Personal information
- Full name: Baltasar Rigo Cifré
- Date of birth: 26 June 1985 (age 40)
- Place of birth: Campos, Spain
- Height: 1.85 m (6 ft 1 in)
- Position: Centre-back

Team information
- Current team: Campos

Youth career
- Campos
- Mallorca

Senior career*
- Years: Team / Apps / (Gls)
- 2004–2006: Mallorca B / 5 / (0)
- 2006–2009: Huesca / 47 / (4)
- 2009–2010: Almería B / 24 / (2)
- 2010: Almería / 1 / (0)
- 2011: Huesca / 11 / (0)
- 2011–2012: Girona / 10 / (1)
- 2012: Numancia / 1 / (0)
- 2013–2014: Tenerife / 12 / (1)
- 2014–2015: Campos / 5 / (1)
- 2015: Guiljuelo / 7 / (0)
- 2015–2017: Llosetense / 45 / (5)
- 2017–: Campos / 103 / (8)

= Baltasar Rigo =

Spanish footballer

Baltasar Rigo Cifré (born 26 June 1985) is a Spanish footballer who plays as a central defender for Tercera Federación club CE Campos.

==Club career==
Rigo was born in Campos, Mallorca, Balearic Islands. A product of local RCD Mallorca's youth ranks, he made his senior debut in the 2004–05 season in the Segunda División B, being relegated. After a second year, he signed for SD Huesca in the same league, appearing in only two matches as the Aragonese club achieved a first-ever promotion to Segunda División in 2008 (22 minutes of action).

In the summer of 2009, Rigo moved to Tercera División with UD Almería B on a free transfer, being an important defensive unit to help them promote to the third tier for the first time. Subsequently, he was promoted to the main squad by manager Juan Manuel Lillo, also signing a professional contract.

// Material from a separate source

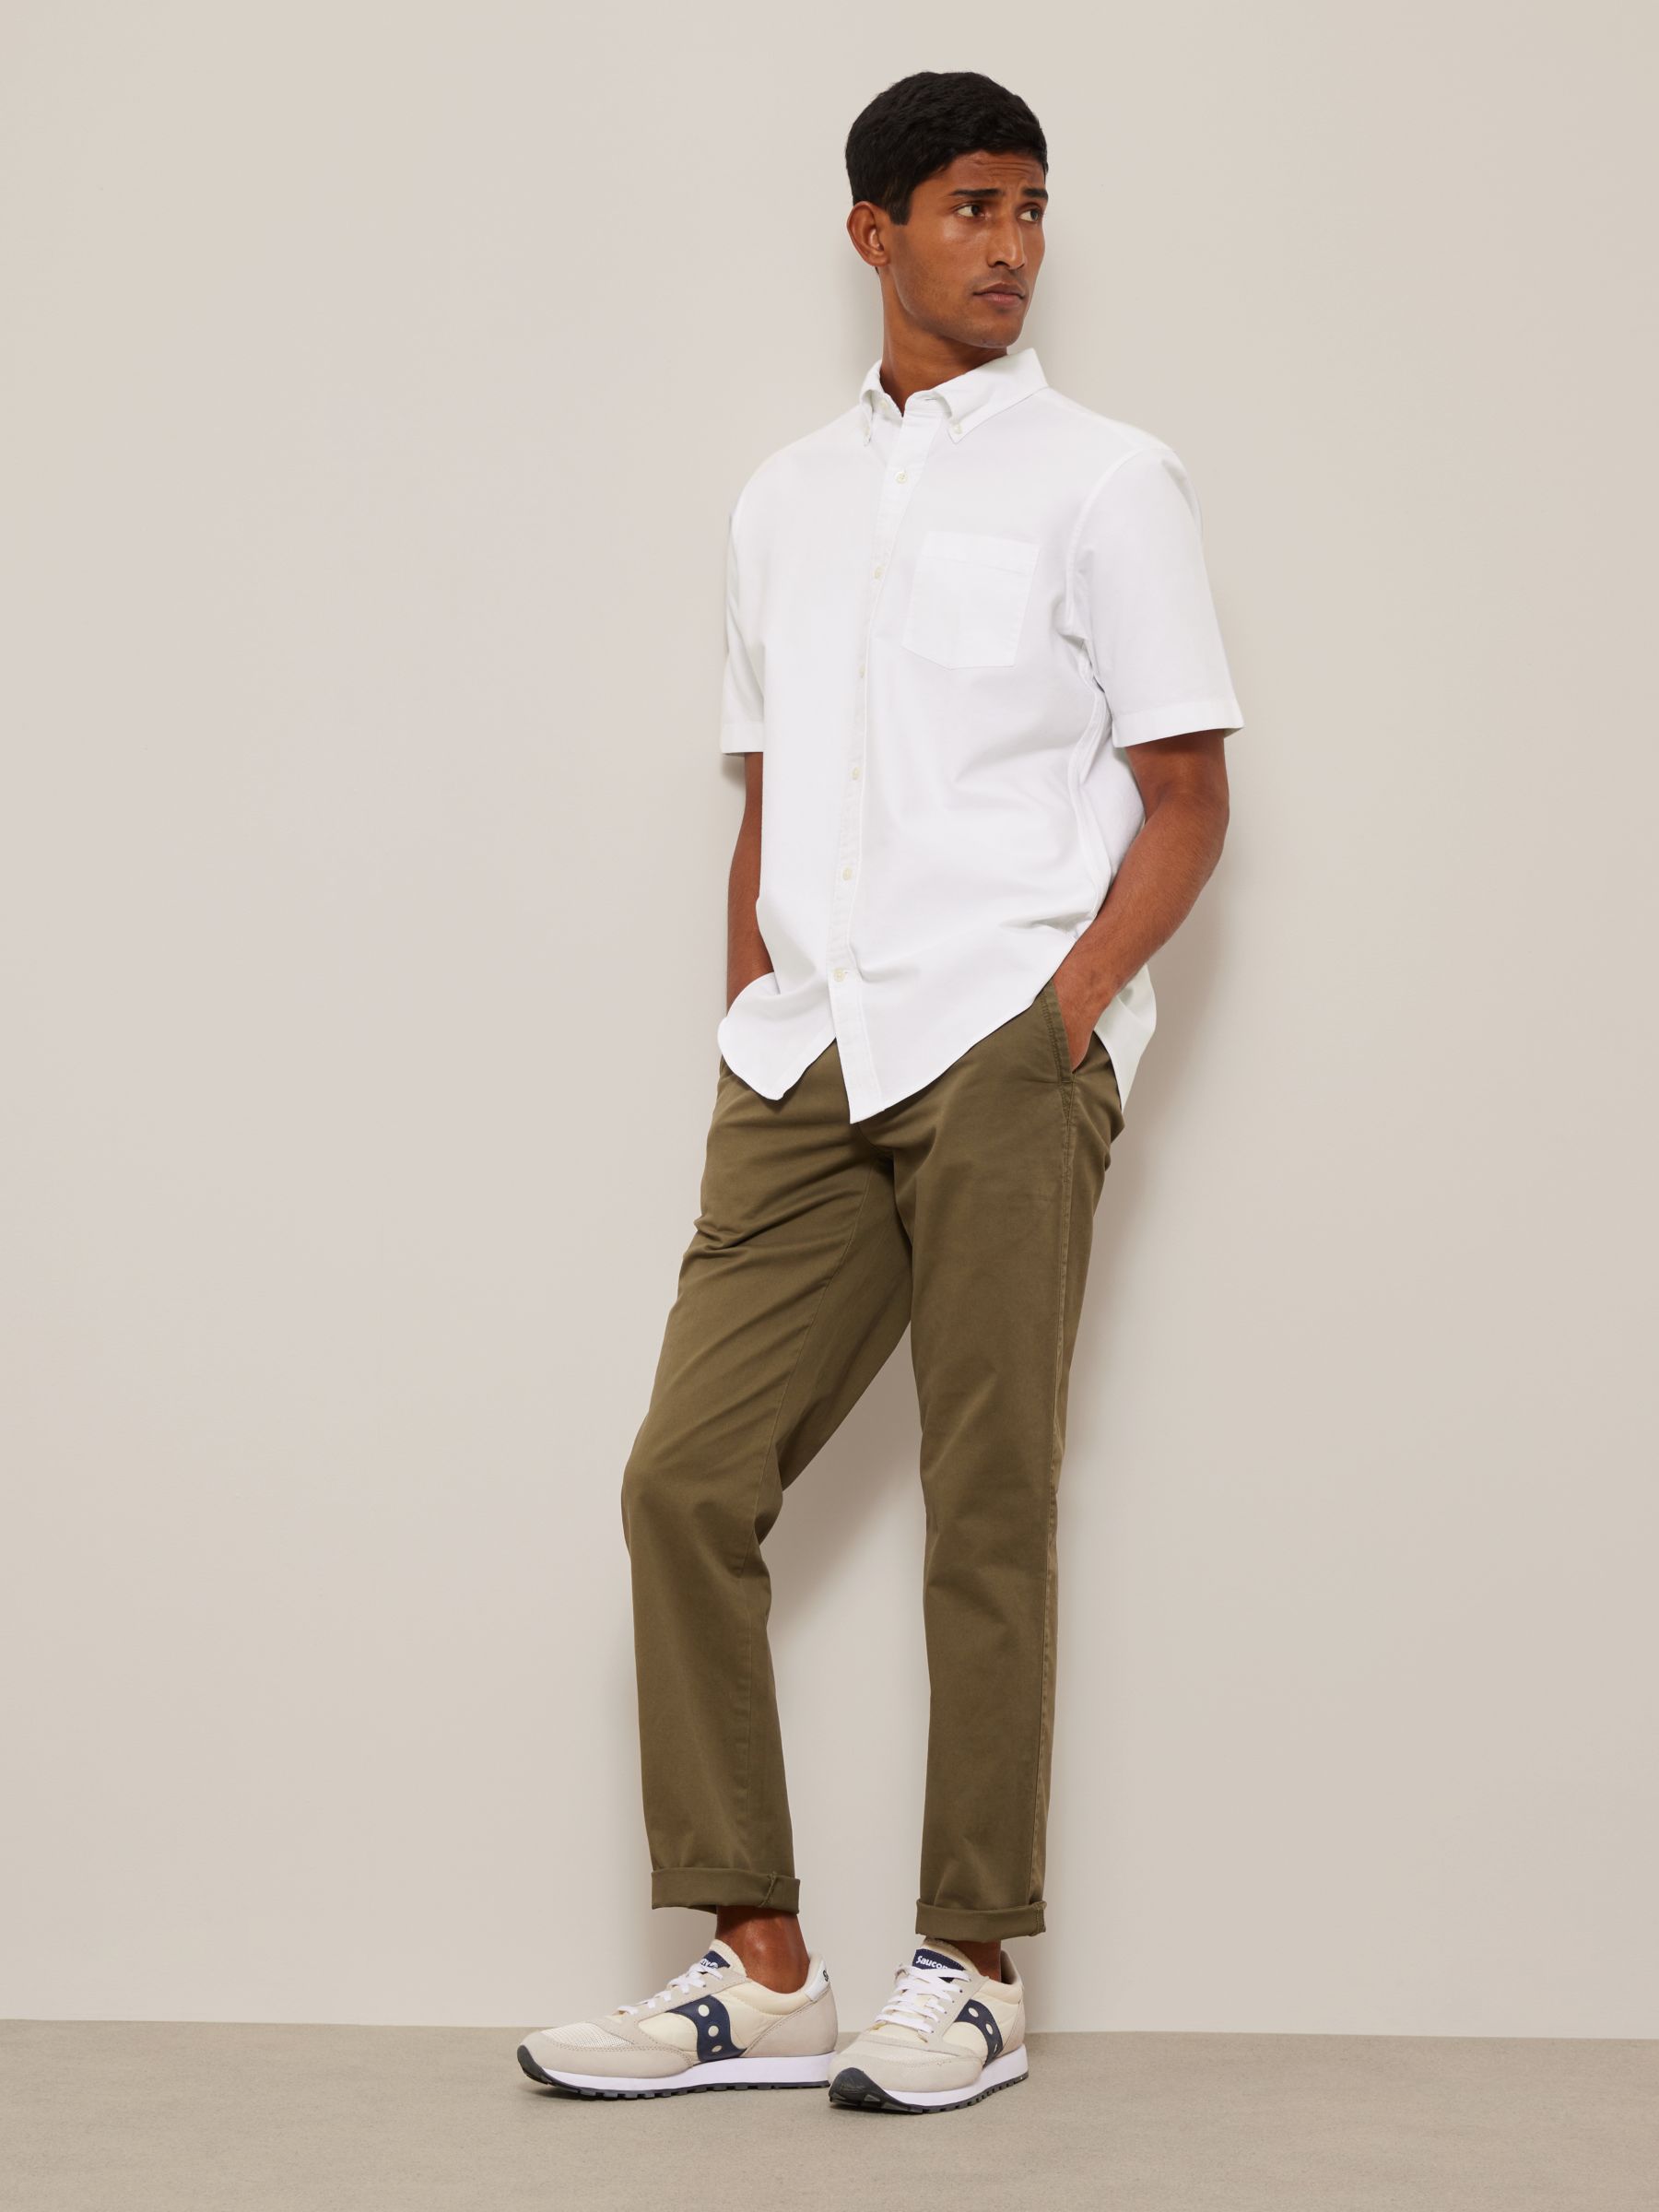 John Lewis Regular Fit Short Sleeve Shirt, White at John Lewis & Partners

On 5 December 2010, Rigo made his debut for Almería's first team, starting – but also conceding a penalty and being booked – in a 1–1 home draw against Real Zaragoza for his only La Liga appearance. In the following transfer window, however, he left Andalusia and returned to Huesca.

Rigo joined fellow second-division Girona FC on 5 July 2011. He scored his only goal as a professional on 26 August, but in a 1–4 home loss to Elche CF.